当前位置:网站首页>Machine learning notes - explore object detection datasets using streamlit
Machine learning notes - explore object detection datasets using streamlit
2022-07-07 20:10:00 【Sit and watch the clouds rise】
One 、 Explore the importance of data sets
Datasets are usually the weakest link in most data science projects . Building a good dataset can be very difficult . So at least understand the dataset we use , And there are ways to explore and discuss it .
1、 For the project team
Explain metrics and errors and improve the quality of data sets : The team can easily check what is wrong with a set of predictions . Maybe the data doesn't look as expected ? Maybe the comment is wrong ? If that's the case , It should be easy to repair .

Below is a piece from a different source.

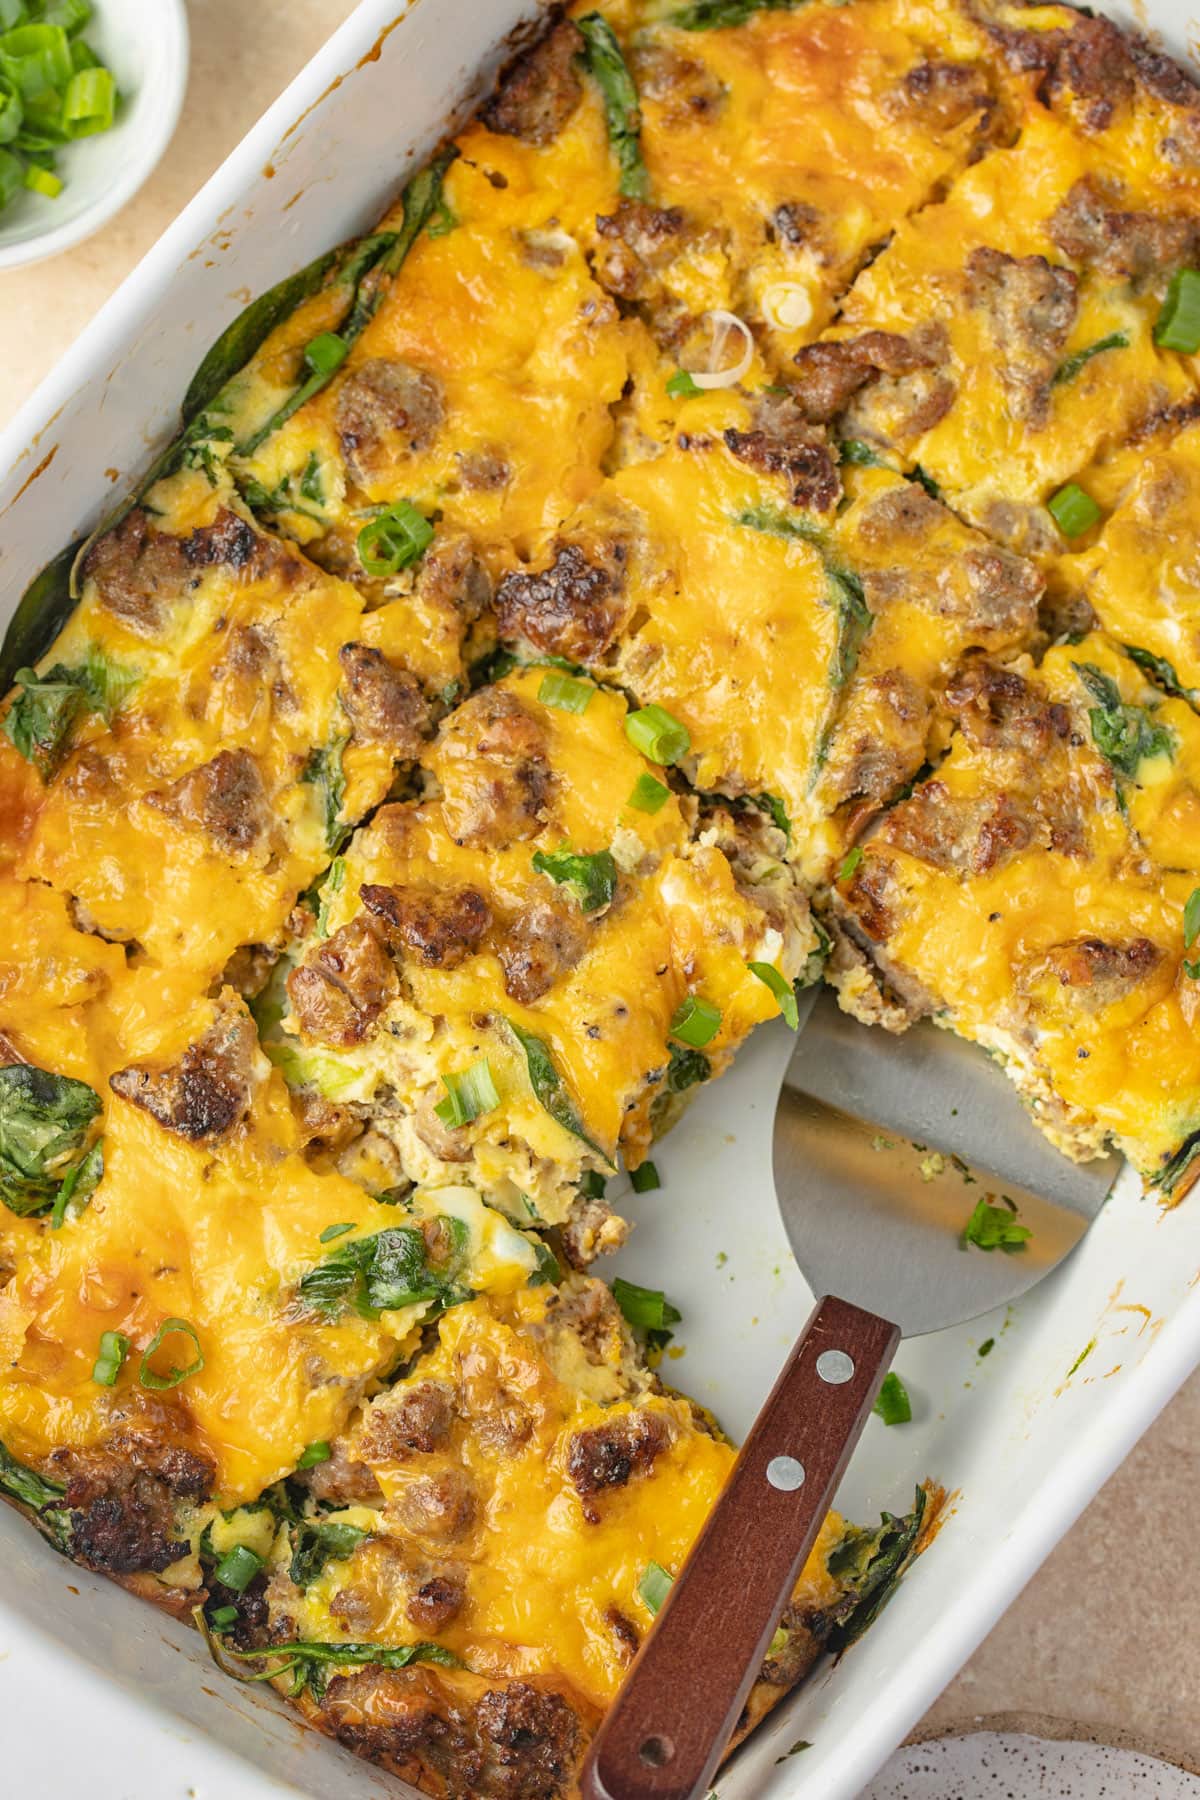 Overhead view of a keto sausage, egg, and cheese breakfast casserole in a casserole dish.
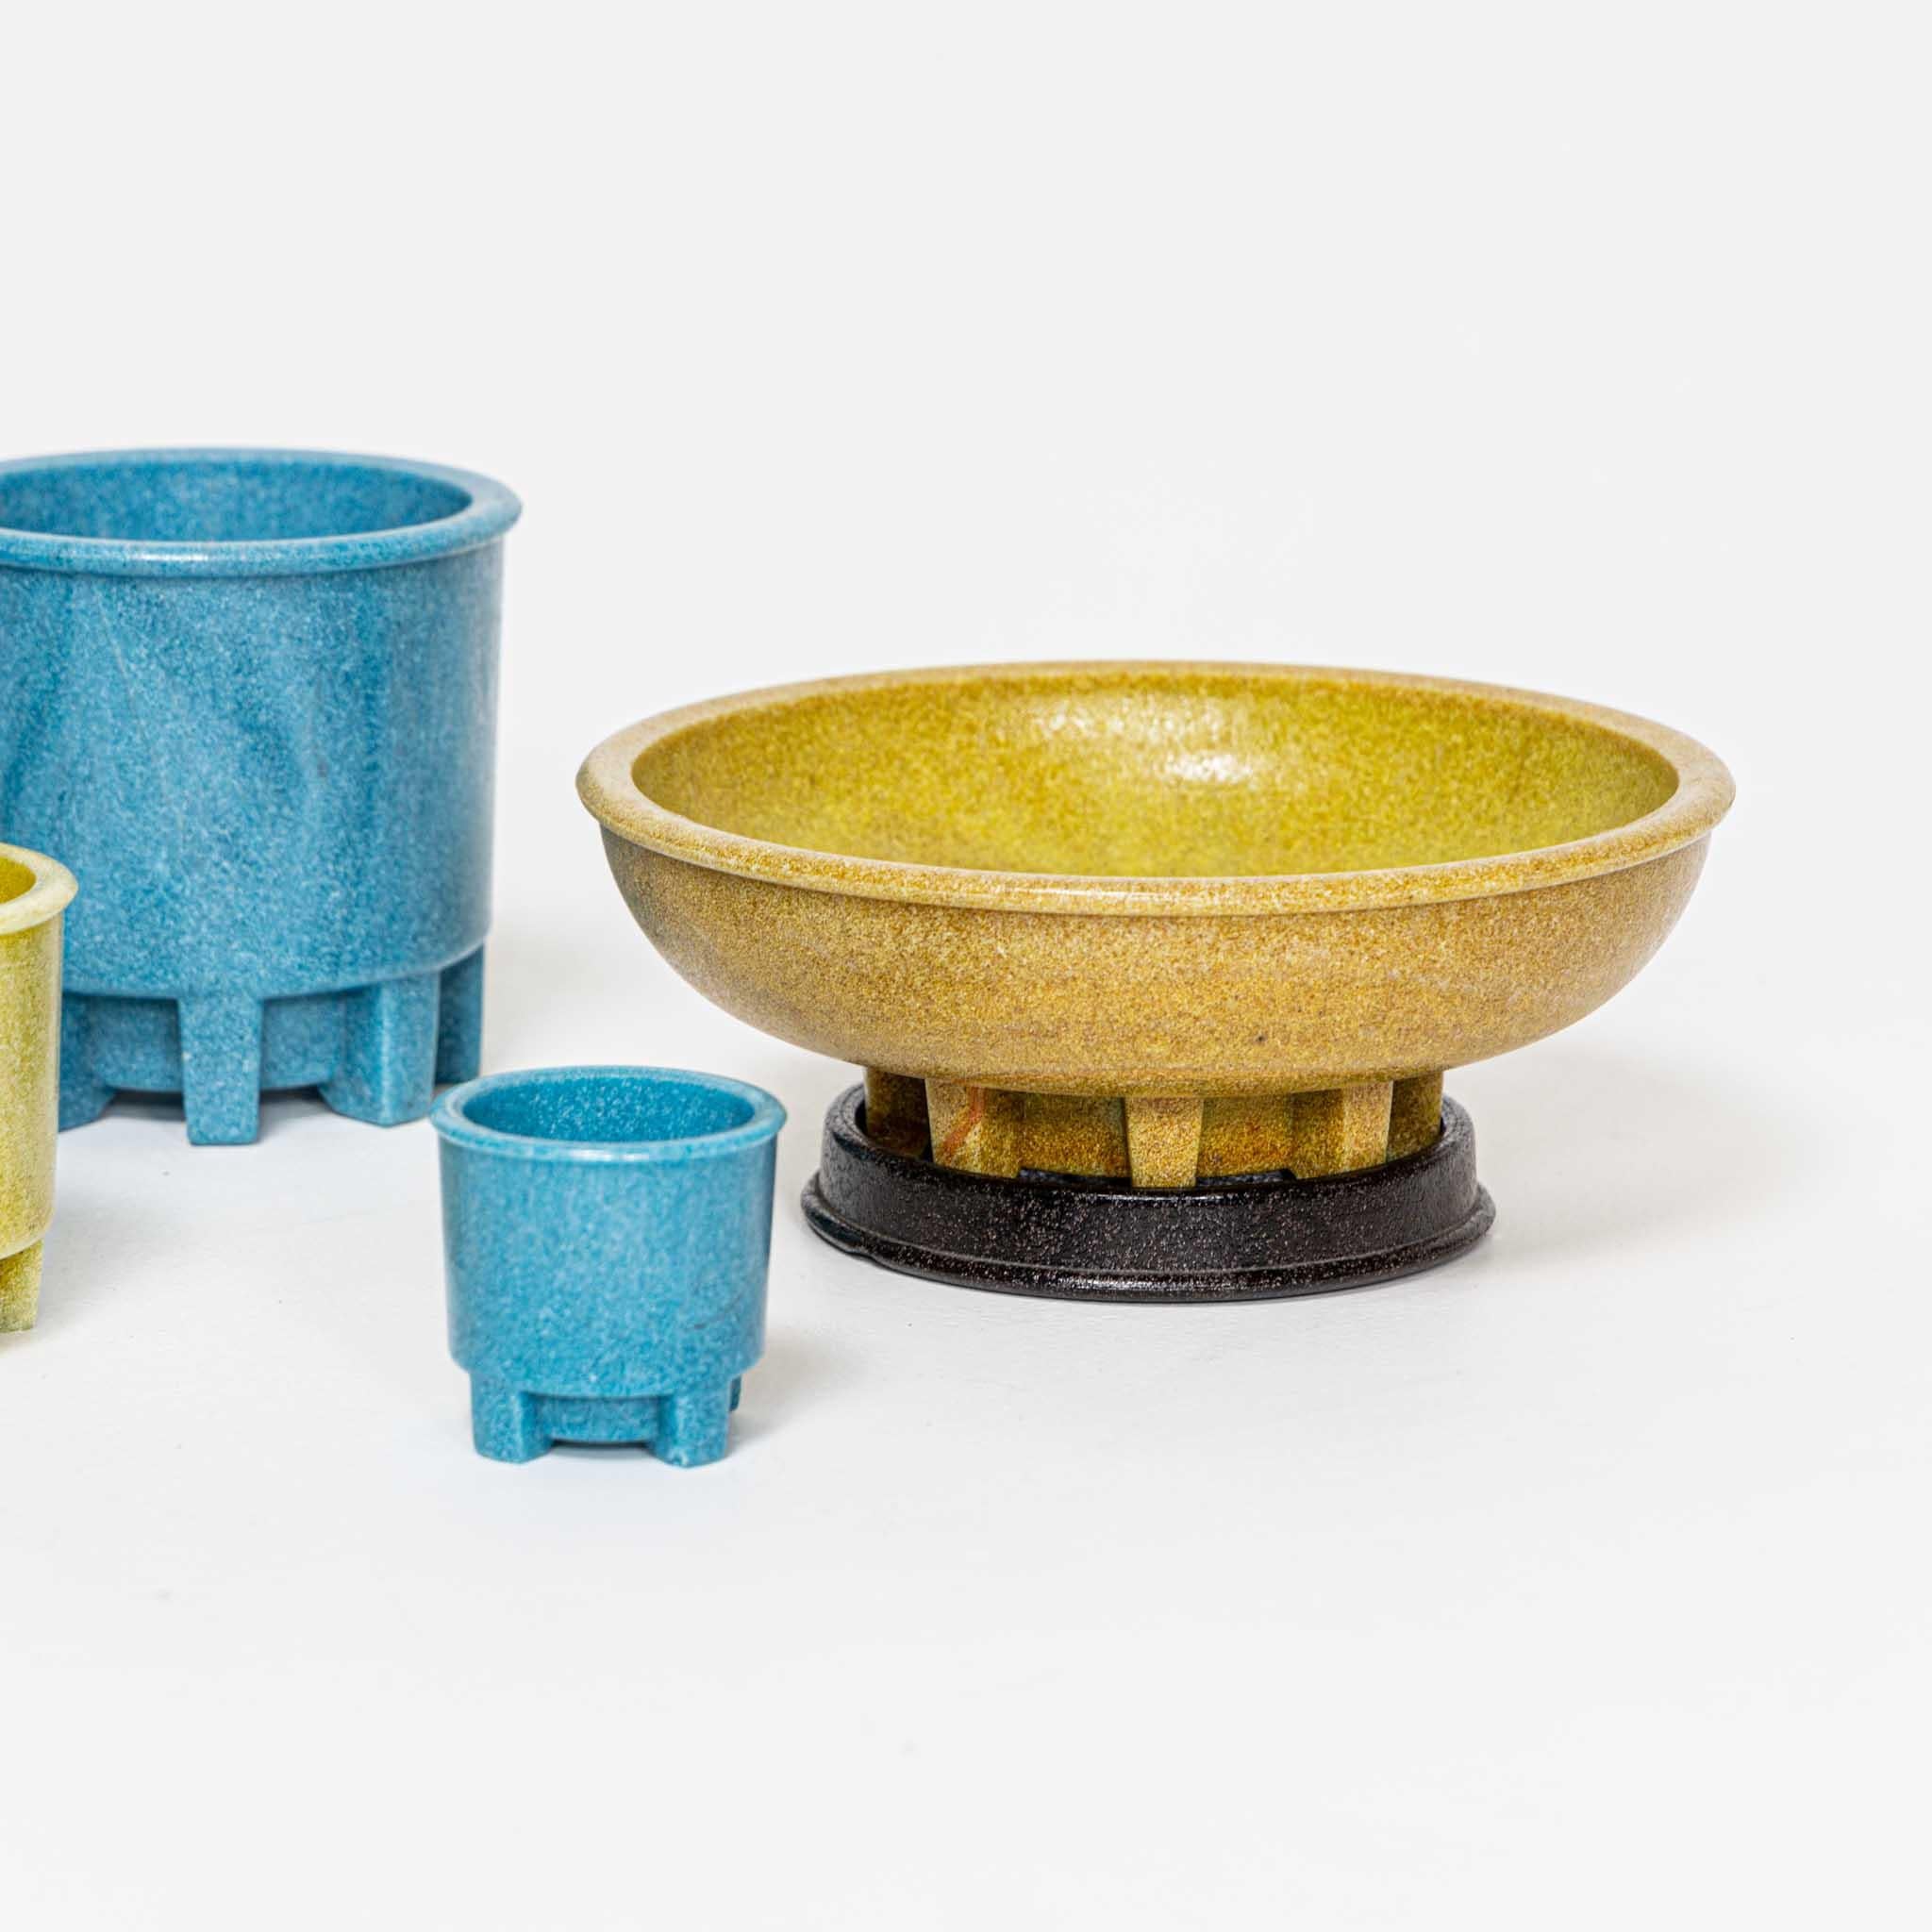 Set of five flower pots in blue and yellow and two black coasters made of Graniver glass, specially designed for cacti. Dimensions: 12 x Ø13 cm, 9 x Ø22 cm, 7 x Ø18 cm, 8.5 x Ø9 cm, 6 x Ø6 cm.

Find out if the model can handle a situation and plan new functions : Sometimes the product owner / Customers will ask whether the model can handle new labels or new situations . The team should be able to give the first answer and some actions faster .
2、 For annotation team
If the annotation team has a dashboard to explore the current dataset , It can use it to answer questions :
“ How to mark this item ?” : By looking for similar examples in the dashboard and finding the correct labels
“ What should I do in case of accident ?”: It can find situations such as blocked tags in the current data set .
Will improve data quality ! But it will also make them more autonomous , And give the project team more time to deal with the rest of the project .
3、 For end users 、 Integrators 、 sales
They don't have to ask what the label means , And be able to display examples and solve problems by yourself .
Two 、 Use Streamlit Explore COCO Object detection dataset
Let's look at a use Streamlit Explore examples of object detection data sets .
We will use MS COCO Data sets toaster Class .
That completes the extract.